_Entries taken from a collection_

---*---

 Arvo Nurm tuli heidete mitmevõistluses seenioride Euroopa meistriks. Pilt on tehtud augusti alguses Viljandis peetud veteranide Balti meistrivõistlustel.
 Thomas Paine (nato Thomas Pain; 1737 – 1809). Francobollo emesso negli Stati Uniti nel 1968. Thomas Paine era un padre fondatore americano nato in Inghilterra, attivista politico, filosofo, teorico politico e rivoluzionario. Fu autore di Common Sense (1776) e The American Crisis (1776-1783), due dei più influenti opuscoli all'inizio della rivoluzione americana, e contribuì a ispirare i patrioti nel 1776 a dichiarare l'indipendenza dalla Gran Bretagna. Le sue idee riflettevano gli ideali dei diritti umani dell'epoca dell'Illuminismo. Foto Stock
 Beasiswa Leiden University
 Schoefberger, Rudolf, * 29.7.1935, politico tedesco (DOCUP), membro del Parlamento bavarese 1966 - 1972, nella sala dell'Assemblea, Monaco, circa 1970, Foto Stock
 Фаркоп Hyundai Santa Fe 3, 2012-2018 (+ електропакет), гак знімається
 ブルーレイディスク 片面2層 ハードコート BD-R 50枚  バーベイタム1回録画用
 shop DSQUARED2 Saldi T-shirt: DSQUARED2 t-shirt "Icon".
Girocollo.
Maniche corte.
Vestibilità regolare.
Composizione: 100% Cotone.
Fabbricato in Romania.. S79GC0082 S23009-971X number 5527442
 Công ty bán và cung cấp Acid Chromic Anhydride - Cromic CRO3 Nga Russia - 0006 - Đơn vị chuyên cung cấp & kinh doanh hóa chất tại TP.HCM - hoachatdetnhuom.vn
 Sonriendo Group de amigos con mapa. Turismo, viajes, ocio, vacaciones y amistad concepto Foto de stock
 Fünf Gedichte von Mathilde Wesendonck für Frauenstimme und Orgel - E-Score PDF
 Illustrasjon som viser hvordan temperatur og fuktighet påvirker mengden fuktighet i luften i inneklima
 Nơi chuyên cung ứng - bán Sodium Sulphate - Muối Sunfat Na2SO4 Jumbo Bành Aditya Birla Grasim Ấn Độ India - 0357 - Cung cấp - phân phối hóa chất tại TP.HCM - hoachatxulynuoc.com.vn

---*---

Could you retype exactly the lines from the one containing "Sonriendo Group de" through the final line of the data above, and no others?

 Sonriendo Group de amigos con mapa. Turismo, viajes, ocio, vacaciones y amistad concepto Foto de stock
 Fünf Gedichte von Mathilde Wesendonck für Frauenstimme und Orgel - E-Score PDF
 Illustrasjon som viser hvordan temperatur og fuktighet påvirker mengden fuktighet i luften i inneklima
 Nơi chuyên cung ứng - bán Sodium Sulphate - Muối Sunfat Na2SO4 Jumbo Bành Aditya Birla Grasim Ấn Độ India - 0357 - Cung cấp - phân phối hóa chất tại TP.HCM - hoachatxulynuoc.com.vn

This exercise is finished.